We performed the reconstruction of `coronal' slices from CT scans collected using two different detectors, as described above. Examples of the reconstructed coronal slices of the two mastectomy samples are shown in Fig. 2. The results of measurements of the SNR in the reconstructed slices and the 3D gain factors are presented in Table 2. The theoretical reasons for the measured values of SNR[β] in Table 2 being much smaller than the SNR[I] values in Table 1 are discussed in Appendix C. The results presented in the last two columns of Table 2 show that the SNR gain factor, compared with absorption-based imaging at the same dose and spatial resolution, was approximately 4.3 for the Xineos detector and 10.9 for the Eiger detector. The theoretical 3D gain factors in the present experiment, calculated in accordance with equations (22) and (23), were, respectively, 3.2 and 4.9 for the Xineos detector and 9.5 and 11.6 for the Eiger detector. As can be seen here, the experimentally measured values of the 3D gain factor lay in between the theoretical estimates given by equations (22) and (23) for each of the two detectors.

Table 2
Measurements of SNR with and without the TIE-Hom retrieval in several reconstructed coronal slices of two mastectomy samples

	SNR[β₀]		SNR[β_retr]		SNR[β_retr]/SNR[β₀]
	Xineos	Eiger	Xineos	Eiger	Xineos	Eiger
Sample 1, slice 220	3.1 ± 0.1	0.5 ± 0.1	13.2 ± 0.1	5.9 ± 0.1	4.5 ± 0.2	10.9 ± 0.2
Sample 1, slice 250	2.9 ± 0.1	0.5 ± 0.1	12.2 ± 0.1	5.7 ± 0.1	4.3 ± 0.2	11.0 ± 0.2
Sample 1, slice 270	3.0 ± 0.1	0.5 ± 0.1	12.4 ± 0.1	5.6 ± 0.1	4.0 ± 0.2	10.8 ± 0.2

Sample 2, slice 220	2.8 ± 0.1	0.5 ± 0.1	11.8 ± 0.1	5.5 ± 0.1	4.2 ± 0.2	10.7 ± 0.2
Sample 2, slice 250	2.7 ± 0.1	0.5 ± 0.1	11.7 ± 0.1	5.6 ± 0.1	4.3 ± 0.2	10.9 ± 0.2
Sample 2, slice 350	2.7 ± 0.1	0.5 ± 0.1	11.9 ± 0.1	5.6 ± 0.1	4.3 ± 0.2	10.7 ± 0.2

Figure 2
PB-CT reconstructions (coronal slices) of the two mastectomy samples from a CT scan at MGD = 4 mGy, E = 32 keV and 5 m sample-to-detector distance, using the Eiger detector. (a) Sample 1, no TIE-Hom retrieval. (b) Sample 1, with TIE-Hom retrieval. (c) Sample 2, no TIE-Hom retrieval. (d) Sample 2, with TIE-Hom retrieval. These images contain the scaled distributions β(r) × 10¹¹.
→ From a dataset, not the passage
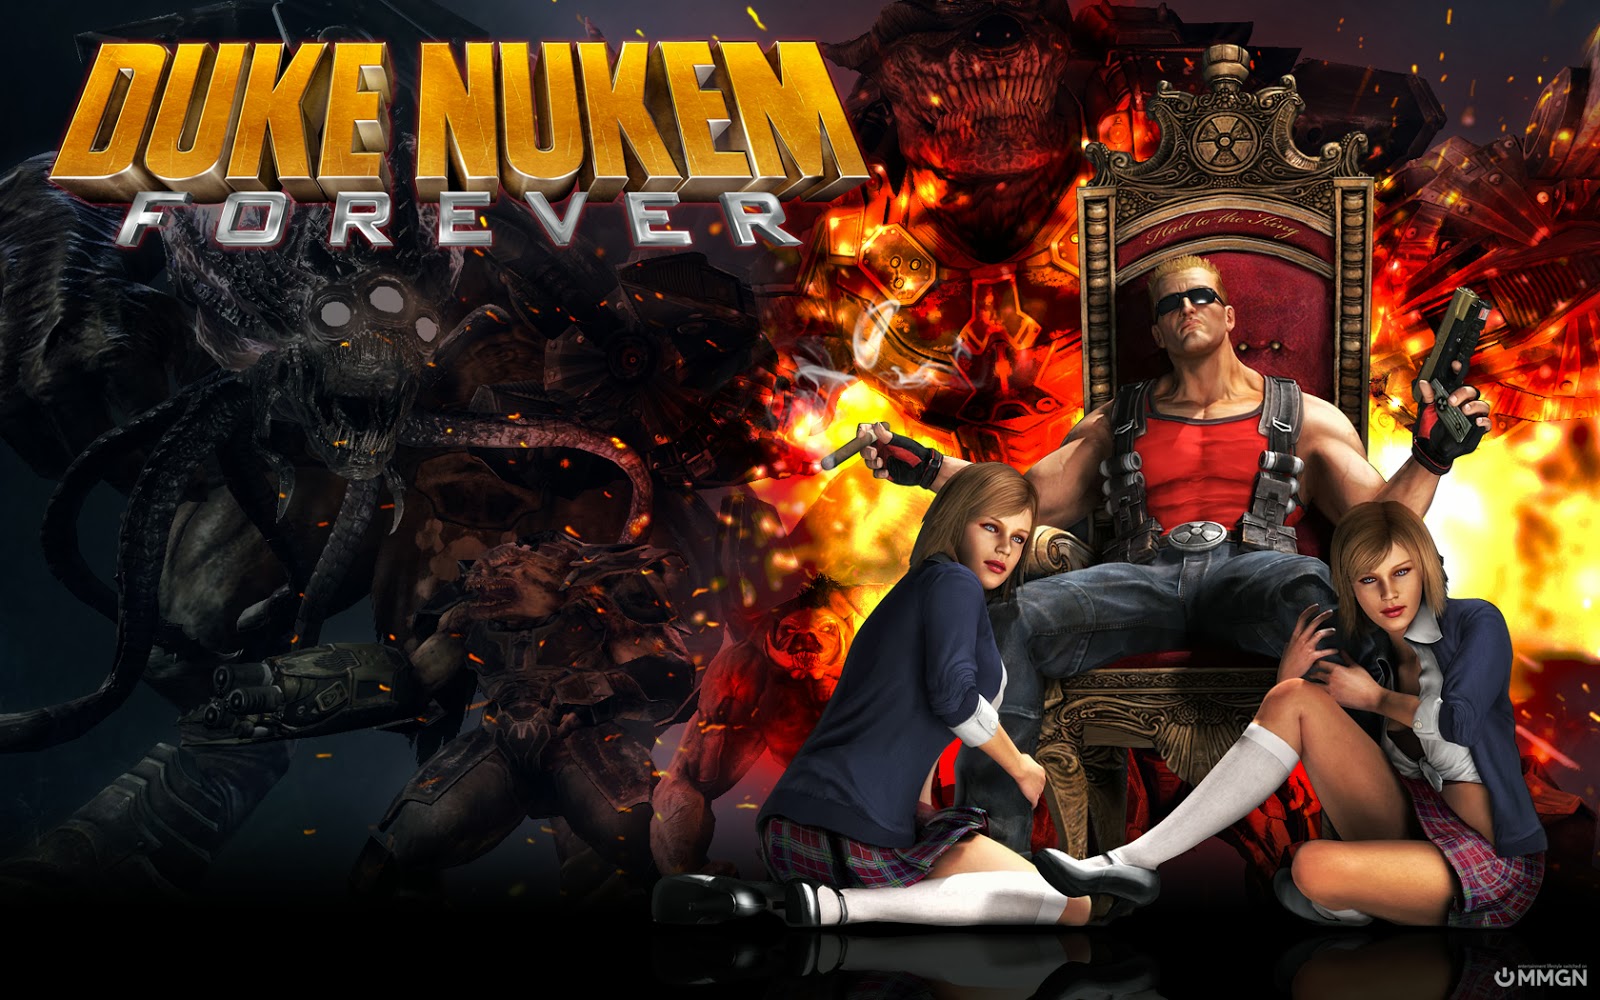 Duke Nukem 3D GenB

While it was possible to perform the measurements of SNR[I₀] in the flat-field projection images, where the sample did not affect the measurements, a similar sample-independent measurement was impossible in 3D in the case of SNR[β₀]. Indeed, the mean reconstructed value (i.e. `the signal') in CT slices outside of the sample area is equal to zero in accordance with the formalism of CT reconstruction, since $[\ln ({I_0}/{I_{\rm{in}}})]$ = 0 in the absence of X-ray attenuation. Therefore, it was impossible to calculate sample-independent values of SNR and $[{{\tilde{Q\,}}\!_{S,{\rm{3D}}}}]$ from the experimental data in this case. As measurements of SNR[β₀] presented in Table 2 already depend on the X-ray absorption in the sample, it makes more sense to instead calculate the 3D biomedical X-ray imaging quality characteristic $[{{\tilde{Q\,}}\!_{C,{\rm{3D}}}}]$ in this case. The contrast between the mean values of β in the glandular and adipose tissue in the reconstructed slices was C_m[β] ≃ (1.0 × 10⁻¹⁰ − 7.3 × 10⁻¹¹)/1.0 × 10⁻¹⁰ ≃ 0.27. The biomedical X-ray imaging quality characteristic can be evaluated according to equation (17a), $[{{\tilde{Q\,}}\!_{C,{\rm{3D}}}}[{\beta _0}]]$ $[\cong]$ $[{\rm{CNR}}_{\rm{3D}}\,{\bar{R\,}}\!_{\rm{ab,air}}^{\,1/2}\,{L^{1/2}}/({\bar{D\,}}\!_{{\rm{g}},{\rm{3D}}}^{\,1/2}\,{\tilde\Delta^{3/2}})]$ , taking into account the MGD, $[{{\bar{D\,}}\!_{{\rm{g}},3D}}]$ = 4 mGy, the radius of the cylinder containing the sample, R = 5.5 cm = 2L/π, and the value of $[{{\bar{R\,}}\!_{\rm{ab,air}}}]$ $[\cong]$ 7.003 × 10 ⁻¹⁷ m⁴ s⁻² calculated above. Substituting all the relevant parameters into equation (17a), we obtained $[{{\tilde{Q\,}}\!_{C,{\rm{3D}}}}[{\beta _0},{\rm{Xineos}}]]$ $[\cong]$ 9.7 × 10⁻³ and $[{{\tilde{Q\,}}\!_{C,{\rm{3D}}}}[{\beta _0},{\rm{Eiger}}]]$ $[\cong]$ 7.2 × 10⁻³, without the TIE-Hom retrieval, and $[{{\tilde{Q\,}}\!_{C,{\rm{3D}}}}[{\beta_{\rm{retr}}},{\rm{Xineos}}]]$ $[\cong]$ 4.1 × 10⁻² and $[{{\tilde{Q\,}}\!_{C,{\rm{3D}}}}[{\beta_{\rm{retr}}},{\rm{Eiger}}]]$ $[\cong]$ 7.8 × 10⁻², with the TIE-Hom retrieval. We see that the use of PB-CT substantially increased the biomedical X-ray imaging quality characteristic, in proportion to the 3D gain coefficients G₃ measured earlier (4.3 for the Xineos detector and 10.9 for the Eiger detector).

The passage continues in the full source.